Berlin : Tödliche Messerstiche am Badesee

Gestern begann Mordprozess gegen 17-Jährigen. Er soll am Tegeler See einen 23-Jährigen erstochen haben

Kerstin Gehrke

Ein Streit um den Müll an einer Badestelle – mehr war es nicht. Doch auf die Aufforderung, ihren Unrat wegzuräumen, reagierten die angesprochenen Jugendlichen gereizt. Am Ende zog ein 17-Jähriger ein Messer und erstach einen 23-Jährigen. Seit gestern beschäftigt der Fall eine Jugendstrafkammer des Landgerichts.

Vier Jugendliche im Alter zwischen 17 und 19 Jahren sitzen ein halbes Jahr nach dem tödlichen Streit vor Gericht. Erol A. ist der Hauptangeklagte. Er muss sich wegen Mordes verantworten, seine Freunde Ugur, Evrim und Marius wegen gefährlicher Körperverletzung und Beteiligung an einer Schlägerei. Erol A. werde sich in der Verhandlung äußern, kündigte sein Verteidiger an. Er werde erklären, „dass er nicht weiß, was ihn getrieben hat“.

Der folgenschwere Streit begann mit einer harmlosen Bemerkung. „Heb mal die Folie auf“, soll ein 45-jähriger Badegast einen der Angeklagten aufgefordert haben. Evrim T. hatte gerade einen Döner gegessen. „Das Papier hatte ich auf der Bank vergessen“, meinte er nun im Prozess. „Ich habe mich gewundert, warum der Mann das nicht netter gesagt hat.“ Etwas später soll der 45-Jährige, der sich mit Frau und Kind am Wasser erholen wollte, auch Ugur A. wegen eines Müllhaufens angesprochen haben.

„Wir haben uns dann gegenseitig beleidigt“, meinte der 18-jährige Ugur. Es sei zu einem Gerangel gekommen. Den Ermittlungen zufolge schlugen alle vier Angeklagten auf den Mann ein. In der Schilderung von Ugur A. aber hörte es sich an, als wären sie trotz deutlicher Übermacht verschreckt gewesen.
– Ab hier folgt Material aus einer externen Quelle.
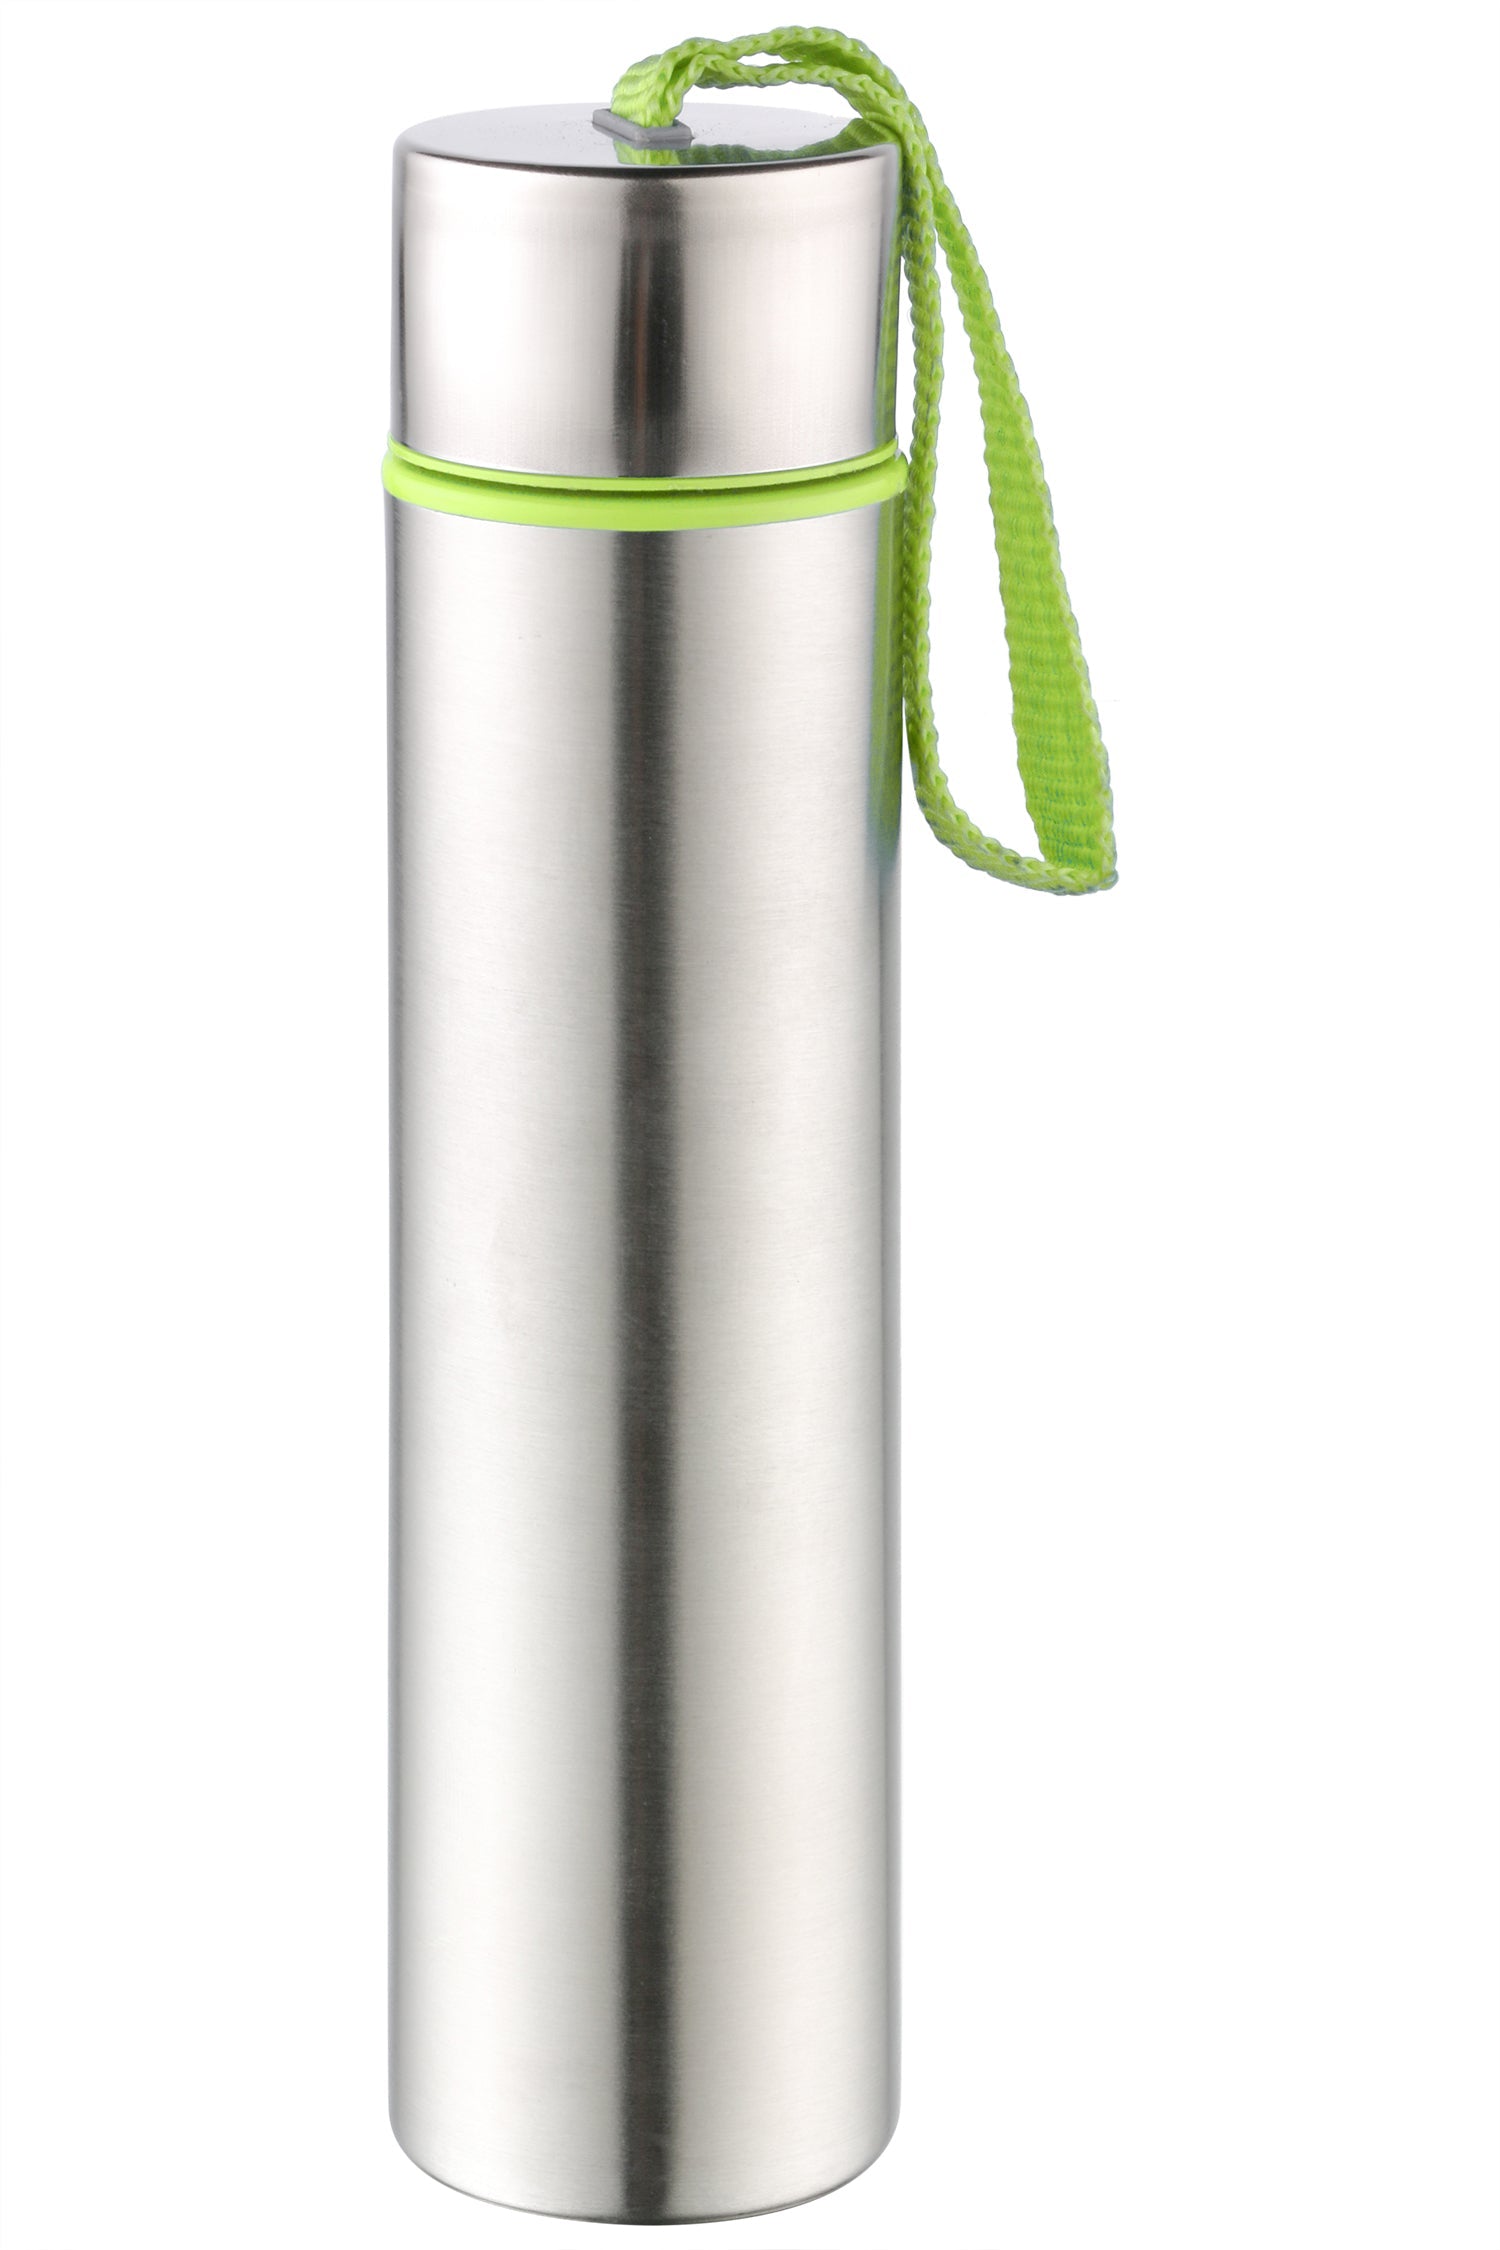 NanoNine Slim Single 300 ml Green Wall Stainless Steel Fridge Water Bottle

In „Panik und Hektik“ habe er einen Knüppel gegriffen und ein- oder zweimal zugeschlagen, behauptete der 18-Jährige. Der 45-Jährige erlitt dadurch Prellungen und Schürfwunden.

Das spätere Opfer, Darius E., war an jenem späten Nachmittag im Juni mit ein paar Freunden an der Badestelle „Im Saatwinkel“. Er sprang auf und wollte dem in Bedrängnis geratenen Badegast helfen. Er rang mit einem der vier Angeklagten, als Erol A. laut Anklage mit einem Klappspringmesser zustieß – von hinten und mit voller Wucht. Der Stich traf die Lunge des Opfers. „Ich hab’ da einen abgestochen“, soll Erol A. gerufen haben. Darius E. starb wenig später trotz einer Notoperation.

Für Erol A. war es nicht der erste Angriff mit einem Messer. Nur zwei Monate vor der Bluttat am Badesee war er zu einem Jahr auf Bewährung verurteilt worden. Damals hatte er auch ein Antiaggressionstraining absolviert. „Wahrscheinlich hätte die Vortat härter geahndet werden müssen“, erklärte der Verteidiger am Rande des jetzigen Prozesses. Doch durch das Glück, sanft angefasst zu werden, habe er Wichtiges einfach nicht gelernt. Der Prozess wird am 20. Dezember fortgesetzt.